For a 2x2 contingency table, such as $N=[n_{11},n_{12};n_{21},n_{22}]$, the normalized difference in proportions between the two categories, given in each column, can be written with pooled variance (Score statistic) as \[ T(X)=\frac{\hat{p}_2-\hat{p}_1}{\sqrt{\hat{p}(1-\hat{p})(\frac{1}{c_1}+\frac{1}{c_2})}}, \]

where $\hat{p}=(n_{11}+n_{21})/n$ , $\hat{p}_2=n_{12}/(n_{12}+n_{22})$, $\hat{p}_1=n_{11}/(n_{11}+n_{21})$, $c_1=n_{11}+n_{21}$ and $c_2=n_{12}+n_{22}$.

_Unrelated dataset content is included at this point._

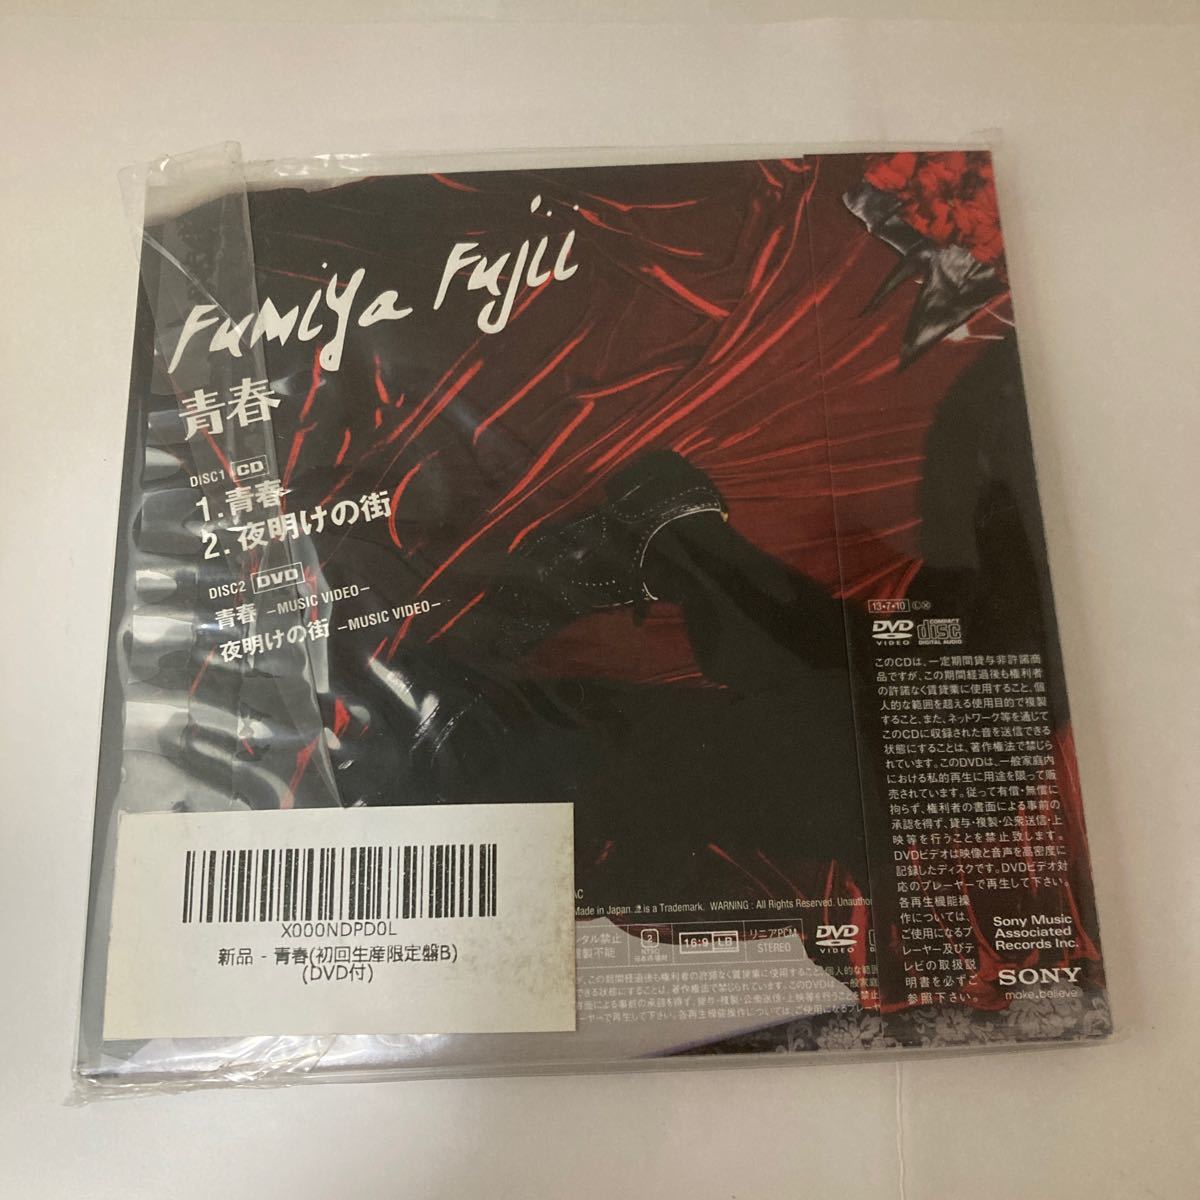  нераспечатанный CD юность ( первый раз производство ограничение запись B) (DVD есть ) Fujii Fumiya SMAR изначальный The Checkers

The probability of observing $N$ (the input contingency table) is

\[ P(N)=\frac{c_1!c_2!}{n_{11}!n_{12}!n_{21}!n_{22}!} p^{n_{11}+n_{12}}(1-p)^{n_{21}+n_{22}}, \]

where $p$ is the unknown nuisance parameter.

Barnard's test considers all tables with category sizes $c_1$ and $c_2$ for a given $p$. The p-value is the sum of probabilities of the tables having a score in the rejection region, e.g. having significantly large difference in proportions for a two-sided test. The p-value of the test is the maximum p-value calculated over all $p$ between 0 and 1. The input resolution parameter controls the resolution to search for.